To nevertheless calculate a decent estimate of the fitting errors, the climex package introduces two statistical approaches, one based on bootstrap and the other one based on a Monte Carlo approach. In comparison to the calculation of the confidence intervals implemented in the extRemes package, the climex package calculates the standard deviation of the return levels. Since there are a lot of different sources of errors in the extreme value analysis, like too small block sizes, too low thresholds, or non-stationaries and/or correlations in the data, providing a confidence interval (CI) might the misleading for some users. All these additional errors are by no means included in the CI and have to be obtained in further studies to construct some appropriate CI of the calculated return levels.

Better error handling

Due to the use of either the Nelder-Mead or BFGS optimization algorithm, some time series will throw errors when fitted using the other R packages tailored for the extreme value analysis. When fitting 100 stations at once you can expect at least one of them to break your code.

In order to allow a massive parallel application of the extreme value analysis, the climex package features a more robust error handling. In addition, the improved fitting routine mentioned above is able to handle initial parameter combinations far more distant from the global optimum than feasible under any unconstrained routine.

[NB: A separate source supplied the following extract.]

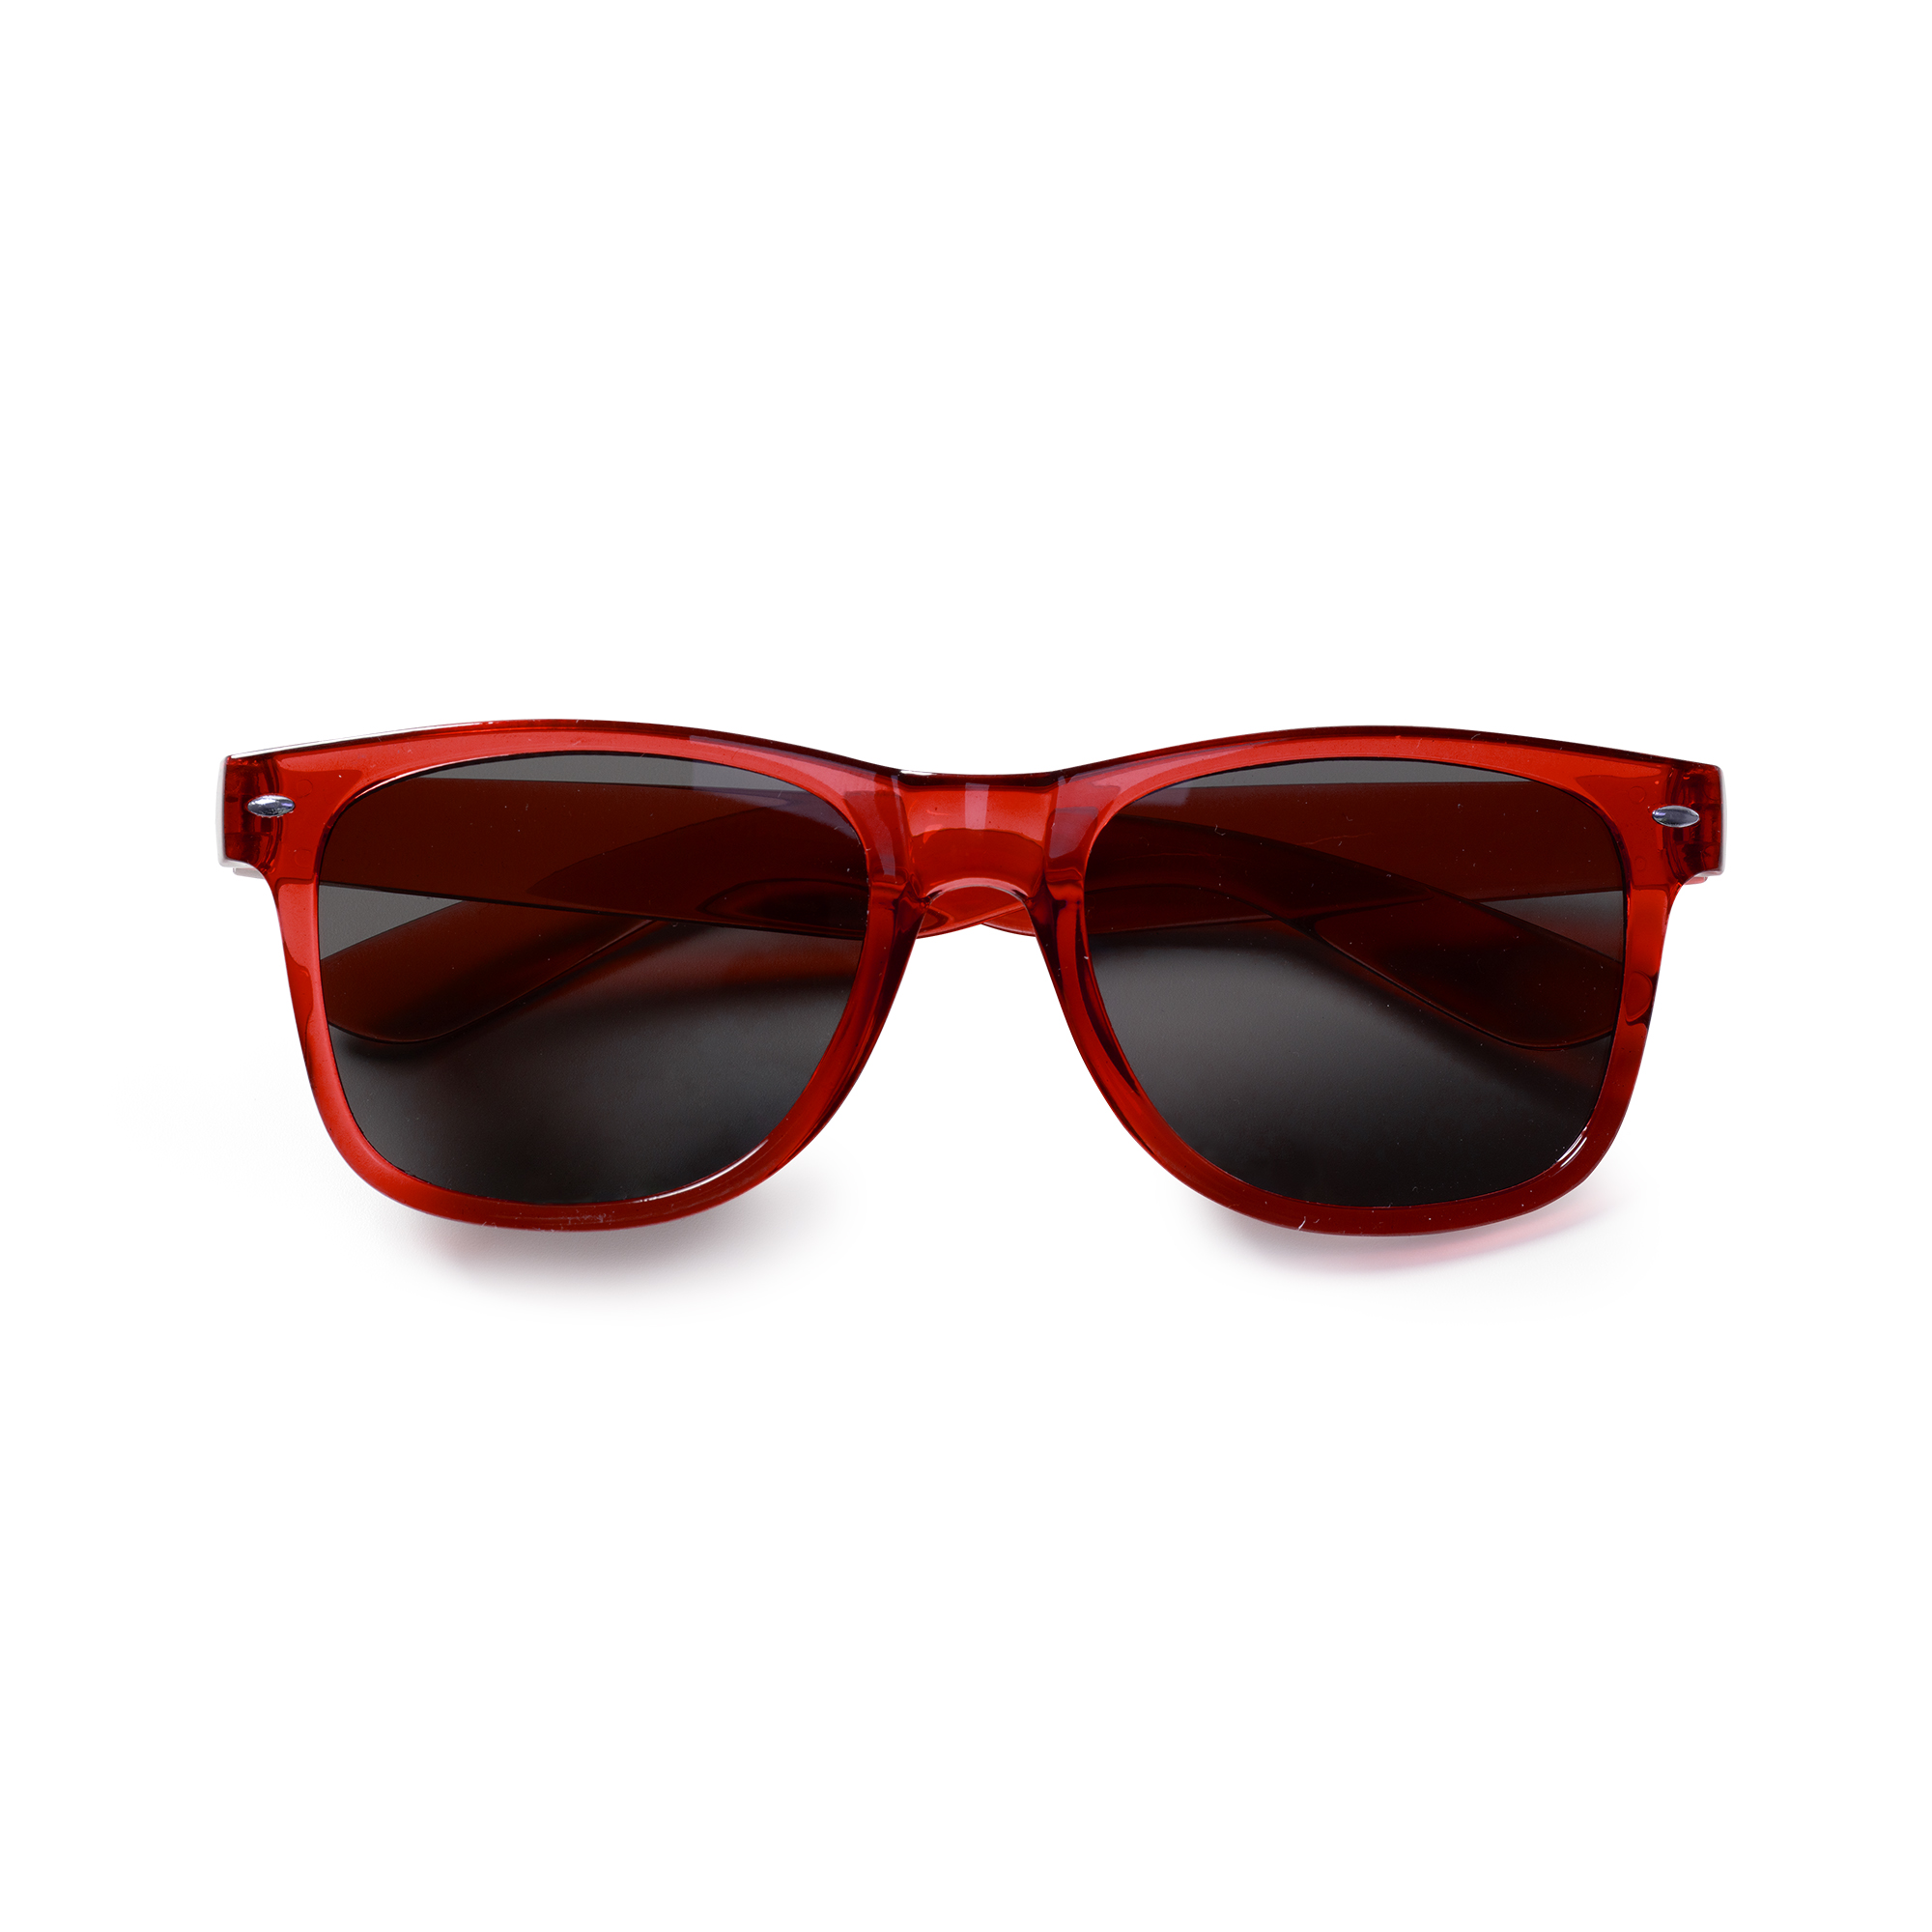 6007-pier-occhiali-da-sole-rosso.jpg

Focused on handling time series

The fundamental object class handled in the climex package is the time series class xts or lists of class xts objects. This allows the user to harness all the additional functions tailored for the analysis of time series, e.g. those of the lubridate package. It also includes a couple of convenience functions often used within the extreme value analysis, like blocking, application of a threshold, declustering, deseasonalization etc.

To build a decent foundation of climatological data your analysis can rely on, I wrote the package dwd2r, which downloads large amounts of data from the FTP server of the German weather service (DWD) and converts them into a format usable within R. For more details see the corresponding post.

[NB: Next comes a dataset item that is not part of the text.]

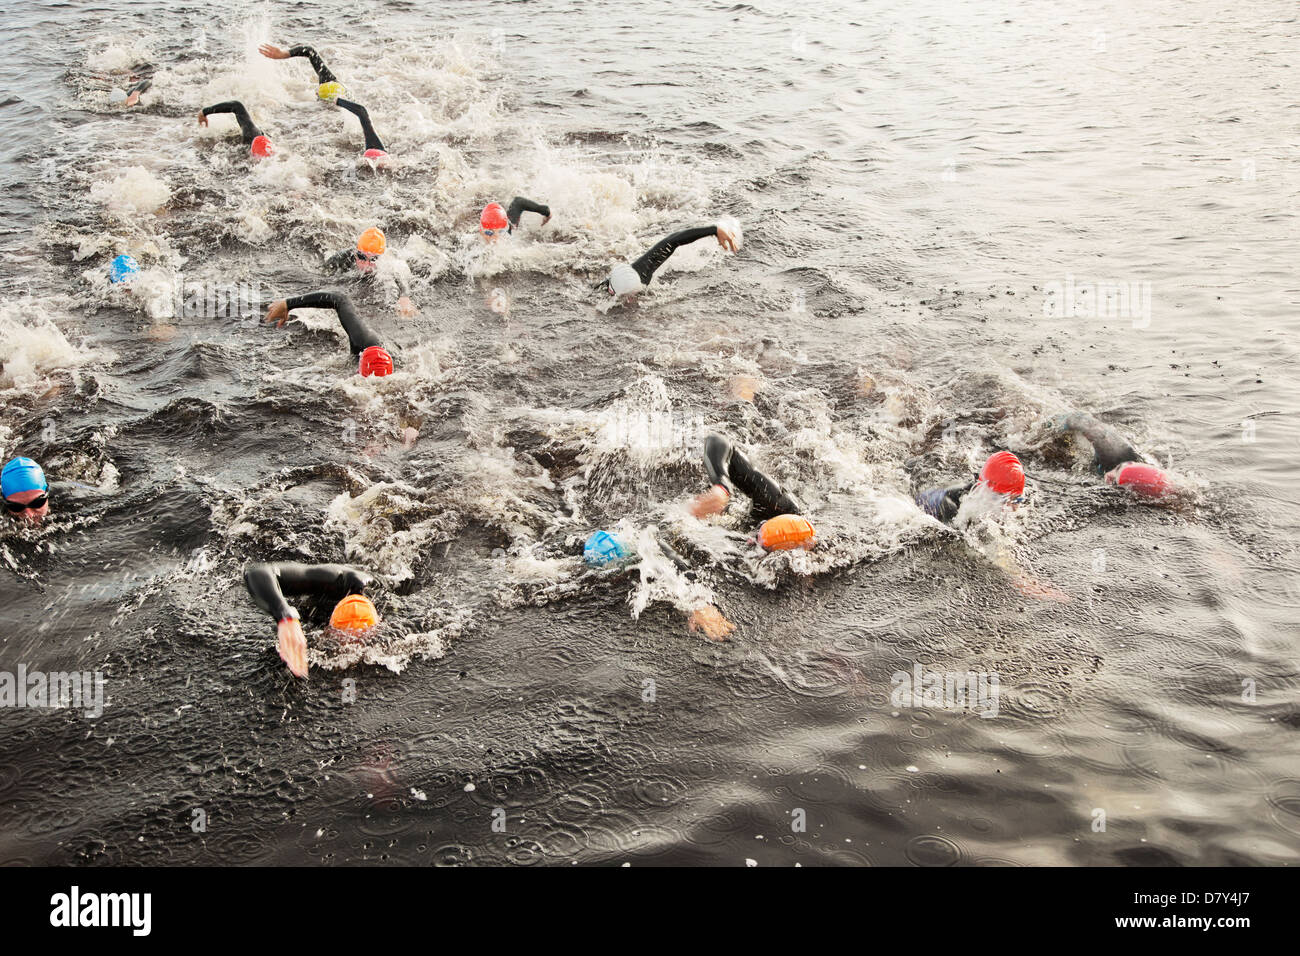 Les triathlètes natation dans l'eau Banque D'Images

Shiny-based web application

Since it’s quite cumbersome to handle dozens, not to mention many hundreds of time series, I also wrote a Shiny-based web application in the package climexUI to perform the EVA on the individual series.

leaflet-tab

It features two different tabs. The first one holds a leaflet map the user can interactively choose the station she want to perform the analysis on from. Also the most important information concerning the chosen series is displayed in a box.

time-series-tab

The second tab provides full control over all steps involved in the fitting of the station data via an intuitive GUI in a persistent way (changes will be applied to the analysis of all following time series). You can e.g. pick either the GEV or GP distribution, exclude single points or whole parts of a time series from the analysis, or calculate the return level for the minimum values instead of the maximum ones.

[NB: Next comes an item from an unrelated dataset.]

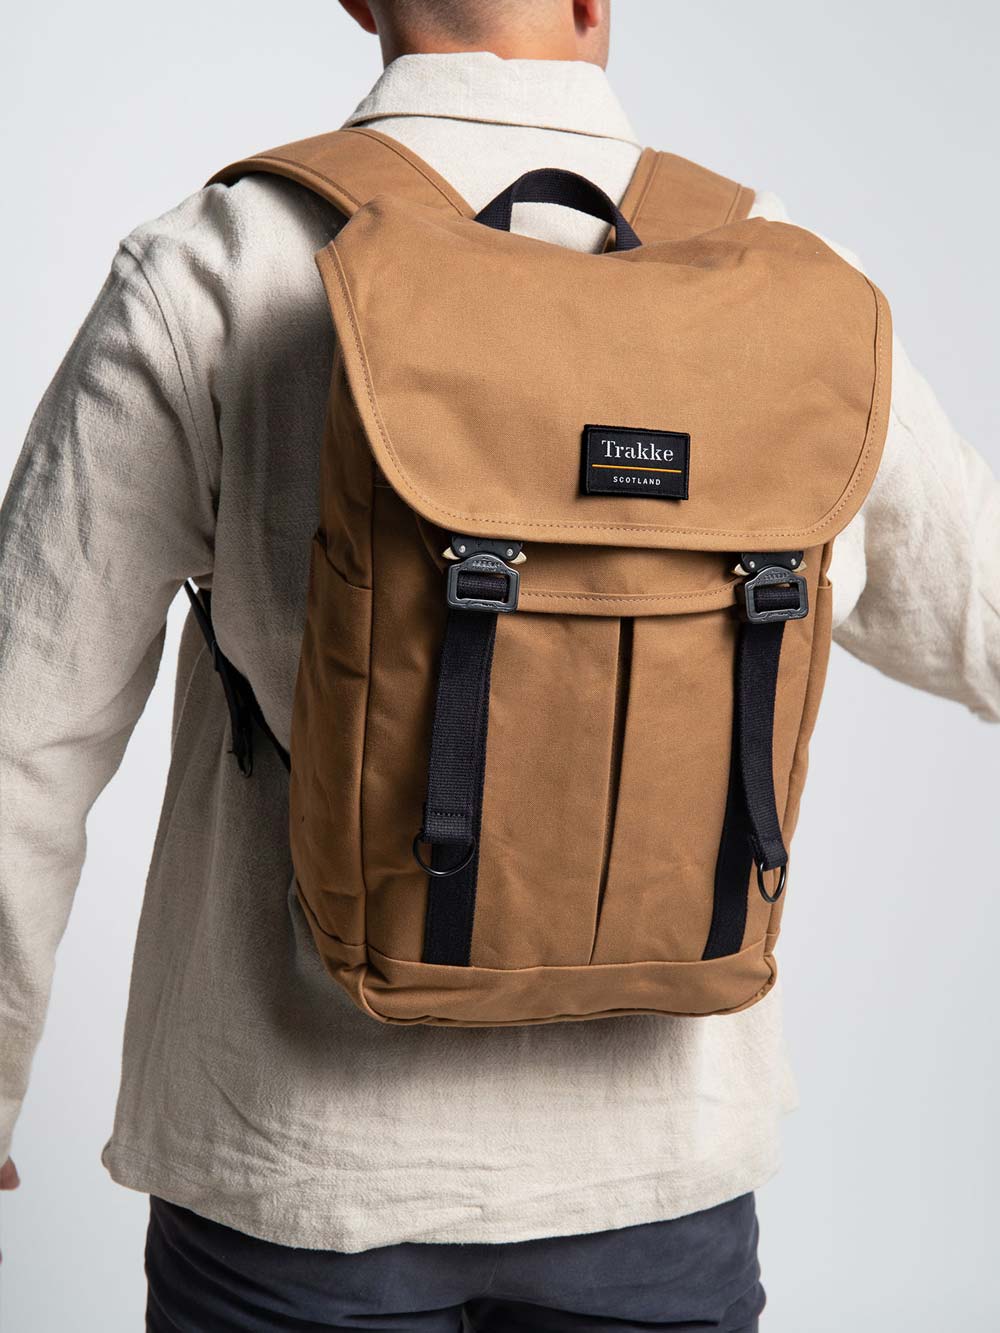 Bannoch Backpack - Best Work Backpack

A detailed description of the different features is given in the corresponding vignette.

You are curious and want to try the package or the web application? Using the following link you can test the web application.

Installation

You clone the repository using your command line,

git clone https://gitlab.com/theGreatWhiteShark/climex

open a R shell in the newly created folder,

cd climex
R

and install the package using the devtools package.

devtools::install()

Usage

You are new to R? Then check out the compiled list of resources from RStudio or the official introduction.

A thorough introduction is provided for the general usage of the package and the Shiny-based web application, as mentioned beforehand.

When using this package in your own analysis, keep in mind that its functions expect your time series to be of class xts and not numeric!


Update 29.11.2018

Rewriting the post to cover the updated climex version 2.0.0.